1. ## Limits

I'm having trouble with these limits. Any help would be appreciated.

$\displaystyle \lim_{x\to +\infty}\frac{\sqrt[3]{{x}^{5}-3x}}{{x}^{2}+4}$

$\displaystyle \lim_{x\to 0^{+}} \sqrt{\frac{x+1}{x}}$

2. Originally Posted by Alvy
I'm having trouble with these limits. Any help would be appreciated.

$\displaystyle \lim_{x\to +\infty}\frac{\sqrt[3]{{x}^{5}-3x}}{{x}^{2}+4}$

$\displaystyle \lim_{x\to 0^{+}} \sqrt{\frac{x+1}{x}}$
Observe:

$\displaystyle \frac{\sqrt[3]{{x}^{5}-3x}}{{x}^{2}+4}=\frac{x^{5/3}(1-3/x^4)}{x^2(1+4/x^2)}=\frac{(1-3/x^4)}{x^{1/3}(1+4/x^2)}$

Now you should be able to determine the limit.

CB

3. Originally Posted by Alvy
I'm having trouble with these limits. Any help would be appreciated.

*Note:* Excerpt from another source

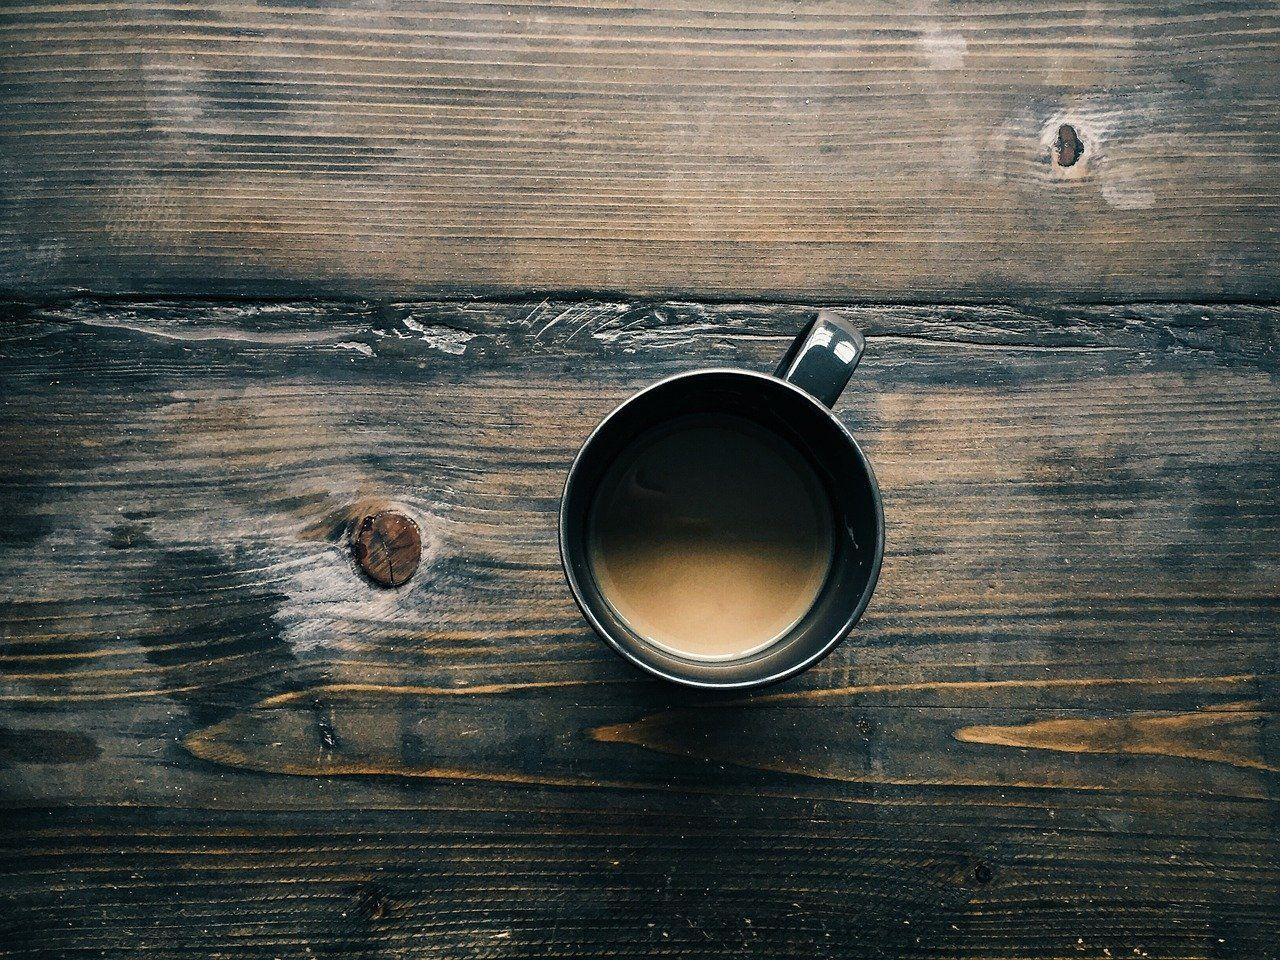 Kahvenin gizemi çözüldü! Ne zaman kahve içeceğimizi kortizol belirliyormuş! Kahveyi 10-12, 2-5 saatleri arasında tüketin! Kahveyi bu saatler dışında sakın içmeyin! - Sayfa:3

$\displaystyle \lim_{x\to +\infty}\frac{\sqrt[3]{{x}^{5}-3x}}{{x}^{2}+4}$

$\displaystyle \lim_{x\to 0^{+}} \sqrt{\frac{x+1}{x}}$
For the second one:

$\displaystyle \sqrt{\frac{x+1}{x}} = \sqrt{\frac{\frac{x+1}{x}}{\frac{x}{x}}} = \sqrt{\frac{1+{\frac{1}{x}}}{1}}= \sqrt {1+{\frac{1}{x}}}$

4. Thank you very much.